Cells were lysed in native lysis buffer (10% glycerol, 25 mM NaCl, 20 mM HEPES pH 7.0, 1% DDM, and complete protease inhibitors) and then solubilized by rotating 30 min at 4 °C. Lysates were centrifuged for 10 min at 14000 rpm. The supernatant was added with 4× native sample buffer (Invitrogen), run on a native PAGE gel, and transferred to a PVDF membrane using a wet transfer system (BioRad) before immunoblotting analysis with the indicated antibodies.

Viral infection in mice

Age- and sex-matched wild-type and Irf8‒/‒ mice were injected intraperitoneally with HSV-1. The viability of the infected mice was monitored for 15 days. Tissues from infected mice were weighed and homogenized with PBS, followed by centrifugation at 1620 × g for 30 min. The supernatants were collected for plaque assays on monolayers of Vero cells seeded in 24-well plates.

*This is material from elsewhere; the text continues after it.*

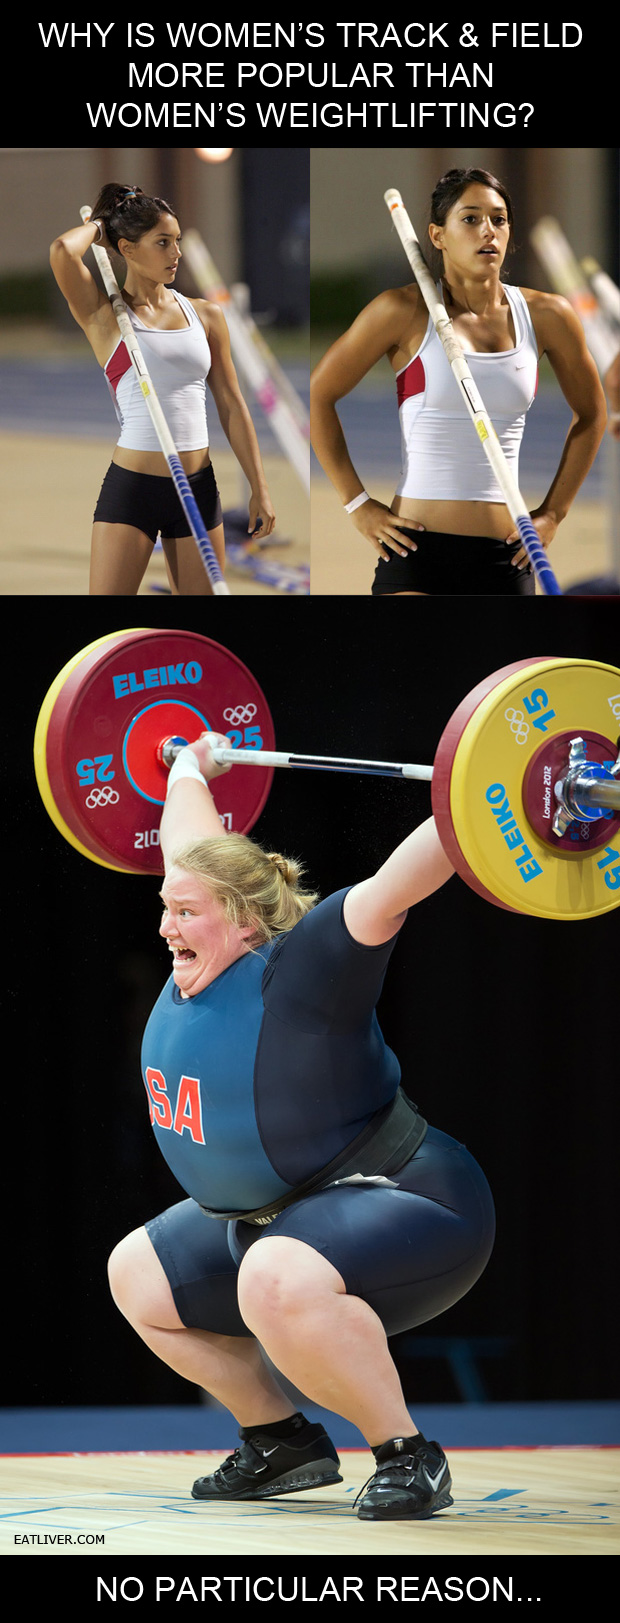 Women's track vs. Weightlifting.

Cellular senescence assays

To evaluate damage-induced cellular senescence, cells at approximately 60-70% confluence were treated with hydroxyurea (10 mM), CPT (1 µM) or mitomycin C (1 µM) for 24 h and then changed to fresh medium. The cells were cultured for another 5 d and harvested for the SA-β-Gal assay using a cellular senescence assay kit (abbkine) according to the manufacturer’s manual. For quantification of β-galactosidase staining positive cells, the blue positive cells in at least three randomly selected fields were counted under a microscope. To detect the SASPs, cells were lysed after 5–8 d of stimulation and subjected to RNA extraction and qPCR assays to detect the mRNA levels of MMP12, IL6, and p21waf1.

Statistics and reproducibility

Unpaired Student’s t-test was used for statistical analysis with Microsoft Excel and GraphPad Prism Software. For the mouse survival study, Kaplan–Meier survival curves were generated and analyzed by Log-Rank test; P < 0.05 was considered significant. Fluorescent-imaging analysis was performed in a blinded fashion. Densitometry quantification was made by ImageJ Software. All data are representative of at least two independent experiments with similar results.

Reporting summary

Further information on research design is available in the Nature Research Reporting Summary linked to this article.